◆ Task objective
The listing is to be transcribed in full, with its images left out.

◆ Exercise data
◆ ◆ ◆
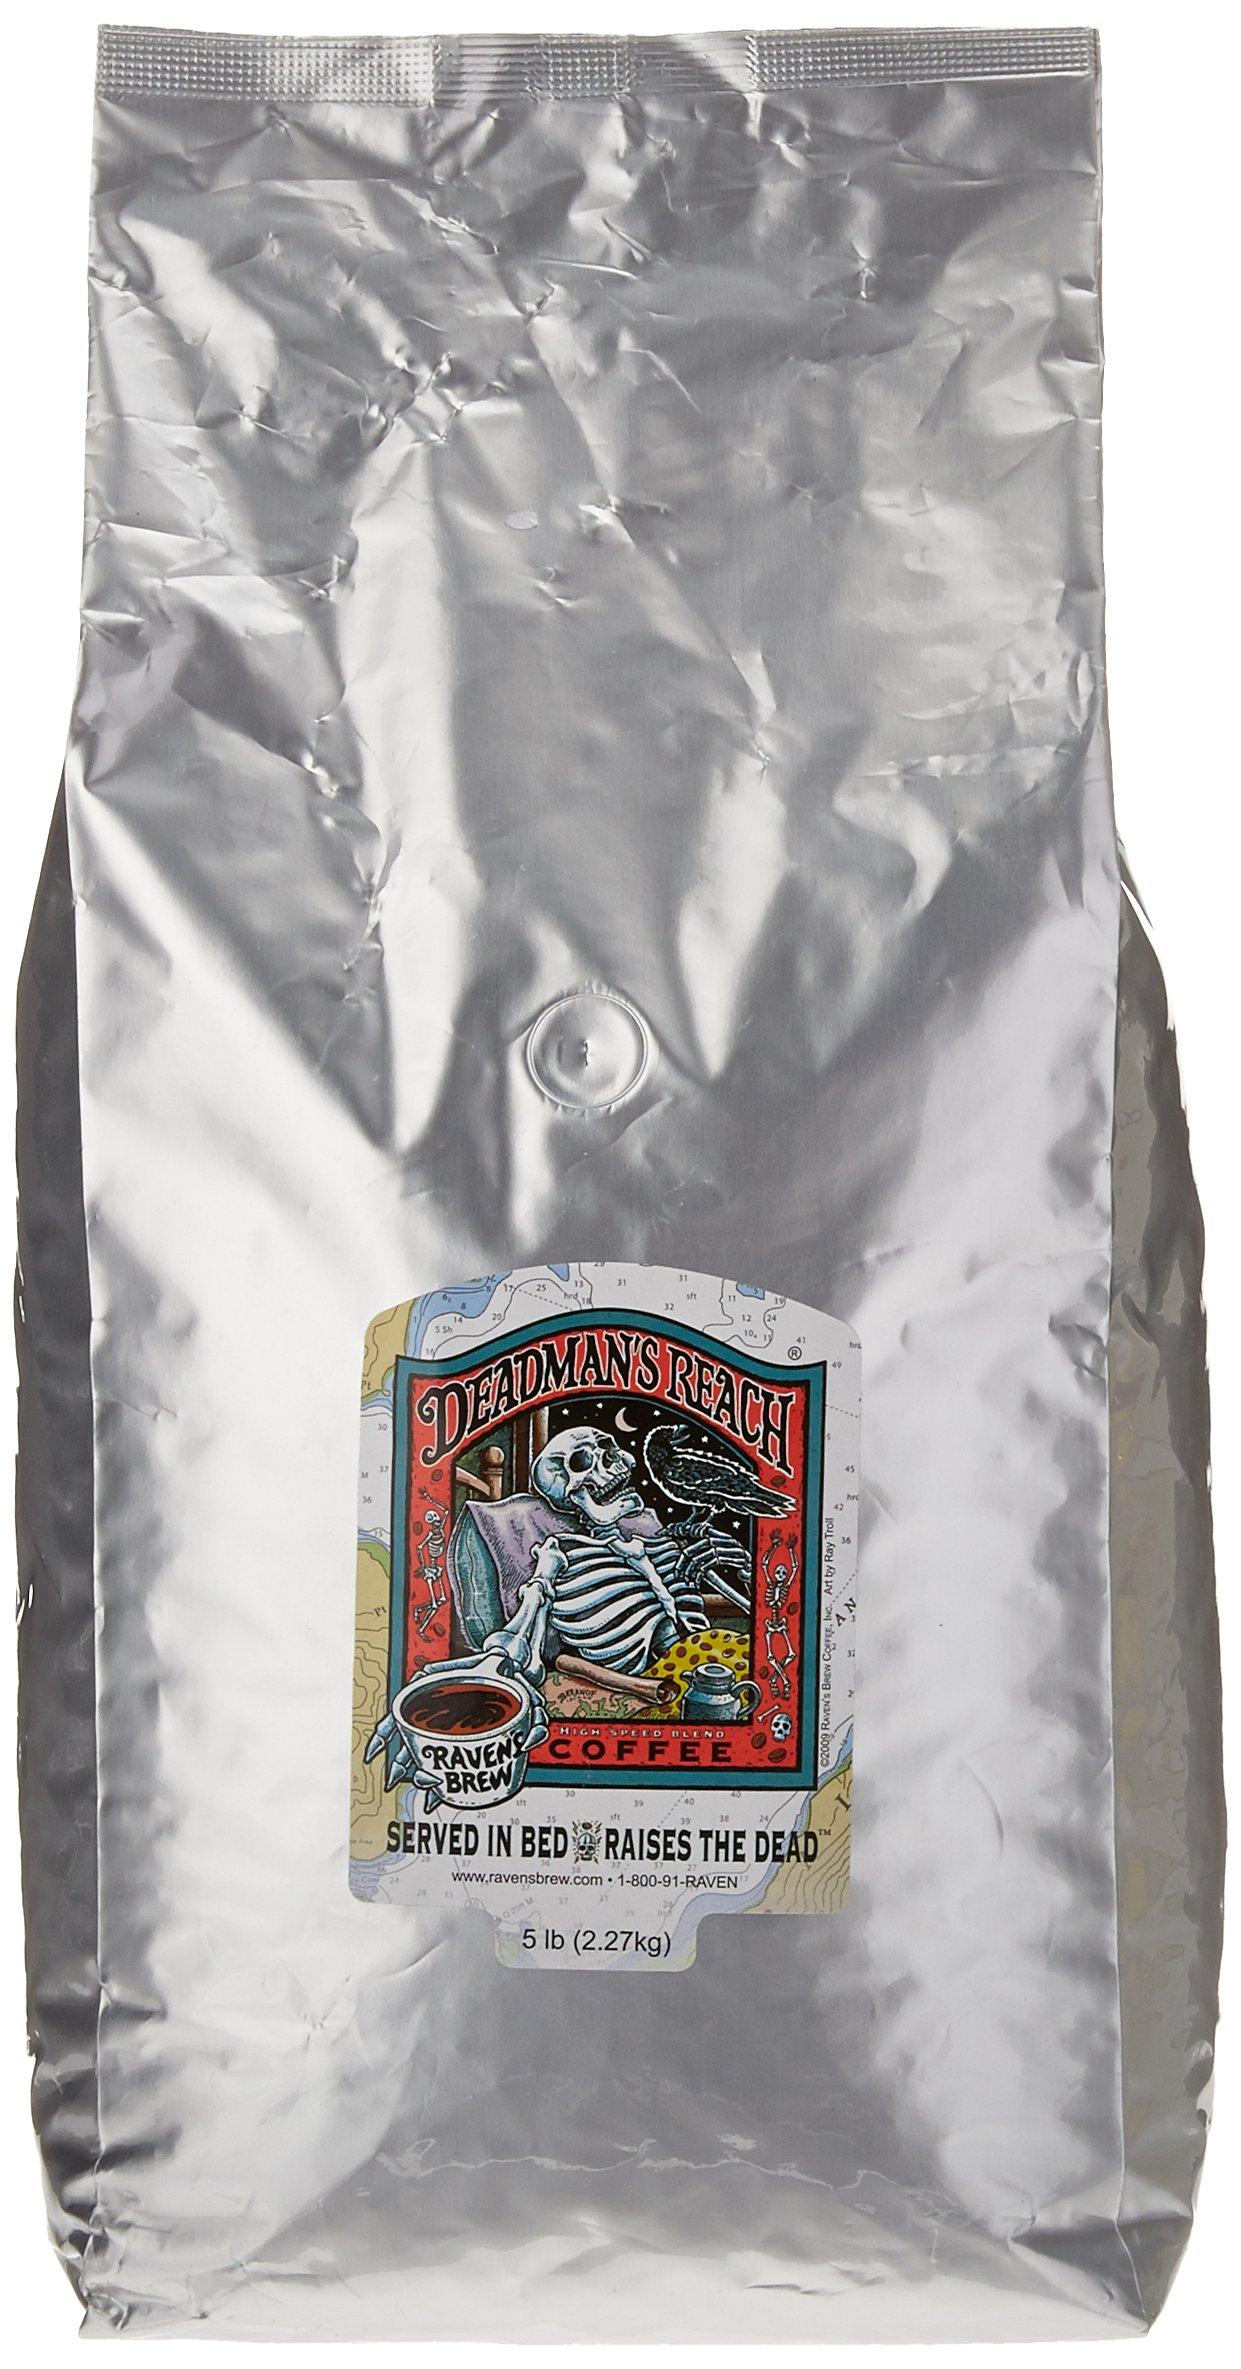 Ravens Brew Whole Bean Deadman's Reach, Dark Roast 5-Pound Bag by Raven's Brew Coffee
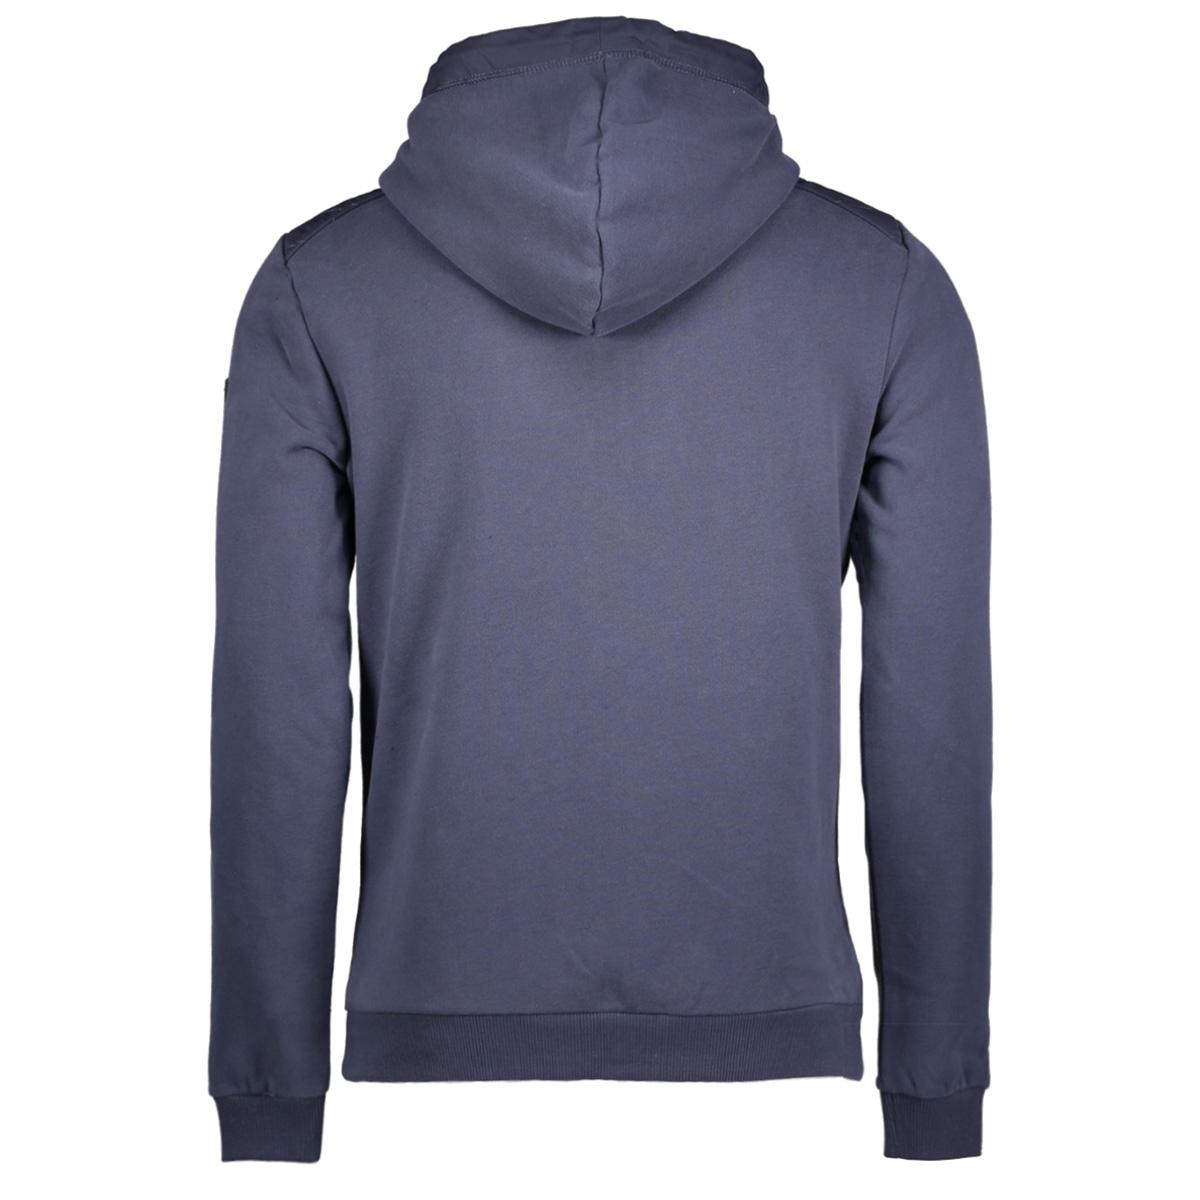 82100914 no-excess vest 123 shadow blue
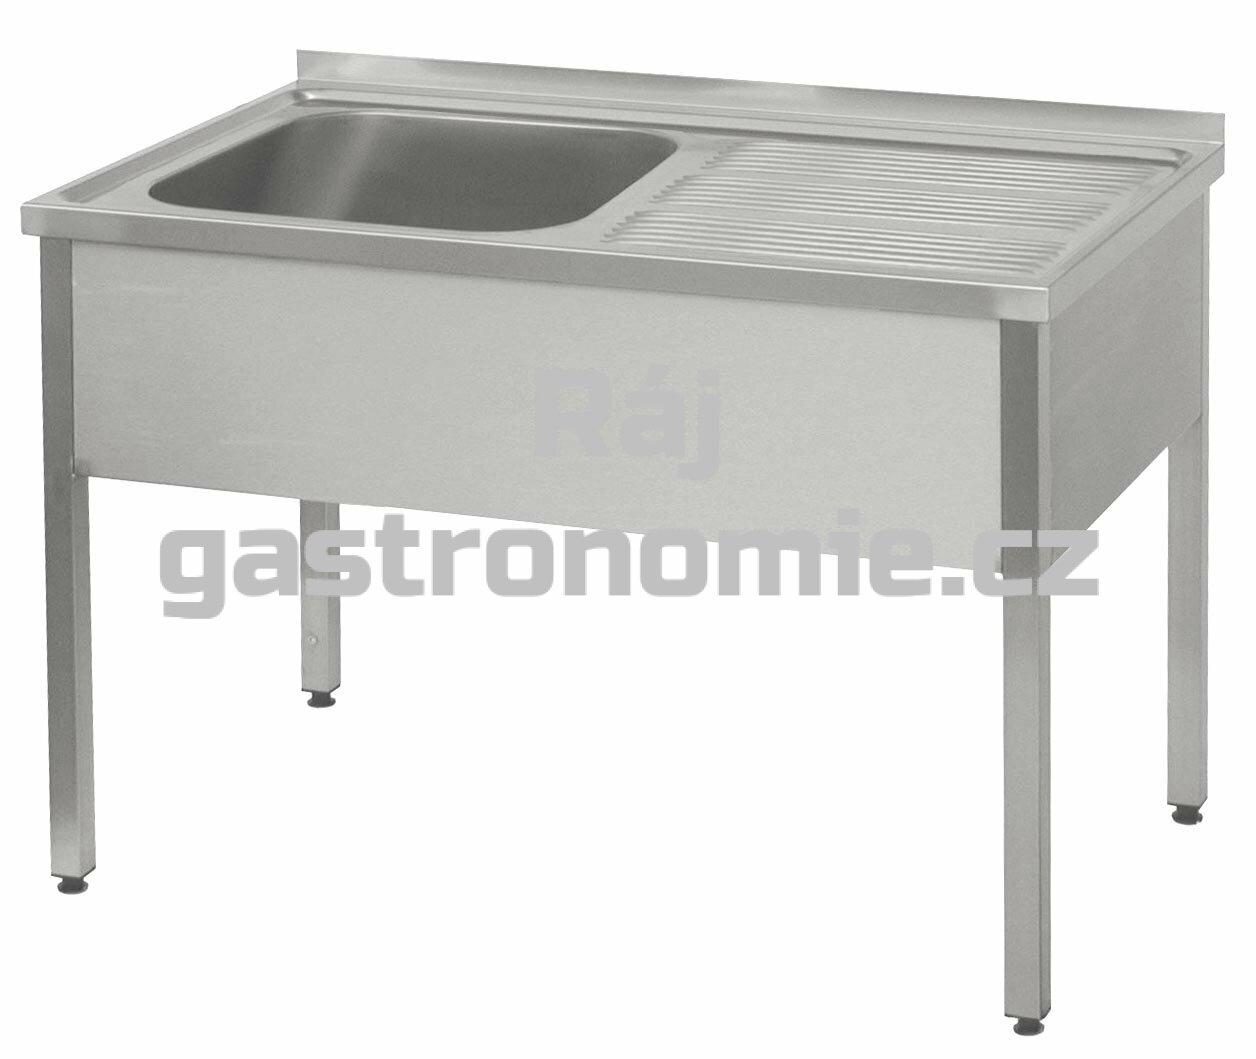 Dřez - 100x60, nádoba 50x50x30 cm
◆ ◆ ◆
◆ Exercise answer
 Ravens Brew Whole Bean Deadman's Reach, Dark Roast 5-Pound Bag by Raven's Brew Coffee
 82100914 no-excess vest 123 shadow blue
 Dřez - 100x60, nádoba 50x50x30 cm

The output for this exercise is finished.